Summary/Back of the book:
André Breton wrote Arcanum 17 during a trip to the Gaspé Peninsula in Quebec in the months after D-Day in 1944, when the Allied troops were liberating Occupied Europe. Using the huge Percé Rock - its impermanence, its slow-motion crumbling, its singular beauty - as his central metaphor, Breton considers love and loss, aggression and war, pacifism, feminism, and the occult, in a book that is part prose and part poetry, part reality and part dream. In the 17th card in the Major Arcana of the Tarot deck, a naked woman beneath a sky of stars pours water from two urns into water and onto land. This card represents hope, renewal and resurrection - the themes that permeate Arcanum 17. Considered radical at the time, Breton's ideas today seem almost prescient, yet still breathtaking in their passionate uunderlyingbelief in the indestructibility of life and the freedom of the human spirit.
My review:
I think this is a work that would benefit from several readings, if you are into the kind of book it is. I found it fairly difficult to get stuck into, there isn't exactly a plot to follow, just a lot of metaphors and philosophising in a sort of stream-of-consciousness way. When I read the introduction and found that André Breton started the practice of automatic writing I was not surprised in the least. I first tried to take it in in small doses, but that didn't really work as I didn't really remember where I had got to, and it's not the sort of thing that makes me want to rush to read the next bit. I finally resorted to settling down to read it all in one go, if I'm honest a bit to get it over with, but also because the stream of consciousness style doesn't lend itself well to finding a natural stopping point and I was worried that if I put it down again I'd never pick it up again.

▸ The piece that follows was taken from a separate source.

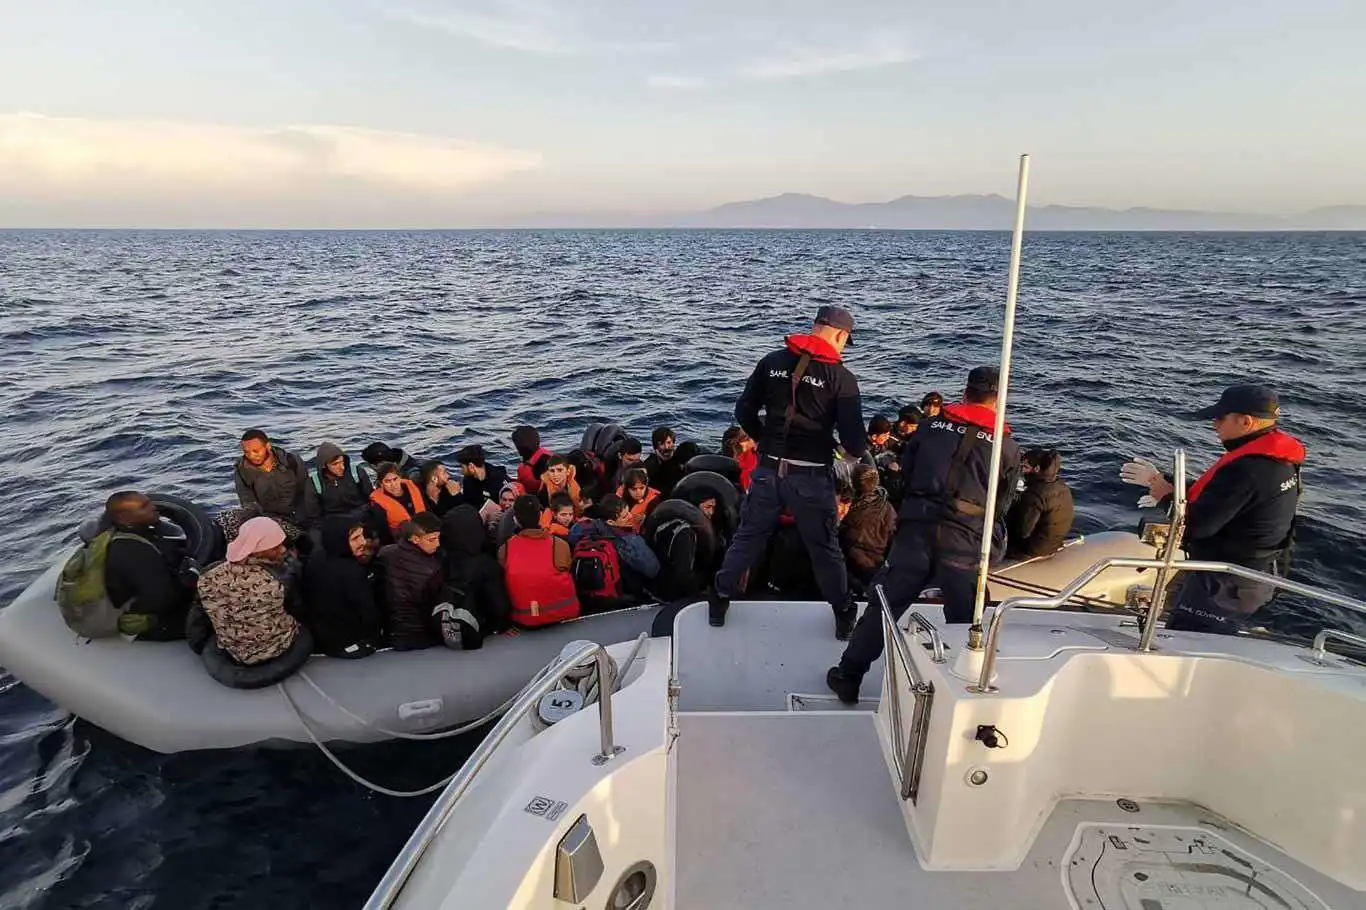 Turkish coast guard rescues migrants following pushbacks by Greece

This probably sounds like I didn't like it, but as I mentioned at the beginning, I think it would benefit from several goes, because although it's quite a small book being only 148 pages in A6 size there is a lot of imagery around the pertinent thoughts and ideas and I don't think I took everything I could have out of it this time around. It was interesting to see that some of the thoughts Breton had about the future have come to pass.
Actually, I would have preferred a larger page size, more spread out, I find it an uncomfortable size to hold, and the typeface was a bit small and it seemed cramped, which exacerbated the problems of there being no natural stopping places, which rather led me to read very fast and possibly miss some of the detail, so if you feel like trying it another edition might be a good idea.
I'm afraid I have a rather unpoetical soul, so I perhaps didn't make all the connections I was meant to make with all the metaphors but I just about grasped that the crumbling big rock was about the impermanence of life. I liked the "Apertures" bit at the end the best, because it was written in a more (though not by any means entirely) straightforward manner and seemed to have some progression, where the main part seemed like you could chop one bit out and stick it in somewhere else and it'd be difficult to notice that it'd been moved. It almost made me feel as though I was under the influence of a mind altering substance, which was possibly the point. I certainly wouldn't be able to describe much of what goes on in it.
I think I'd try something else by André Breton, but not to the extent I'm going to rush out and buy all his works. If you like philosophising and poetical prose you will probably think it is great, I am more of a plot person but I can appreciate the experience of something that makes me think a bit differently and that makes me actually do some work while reading instead of just absorbing me into a story.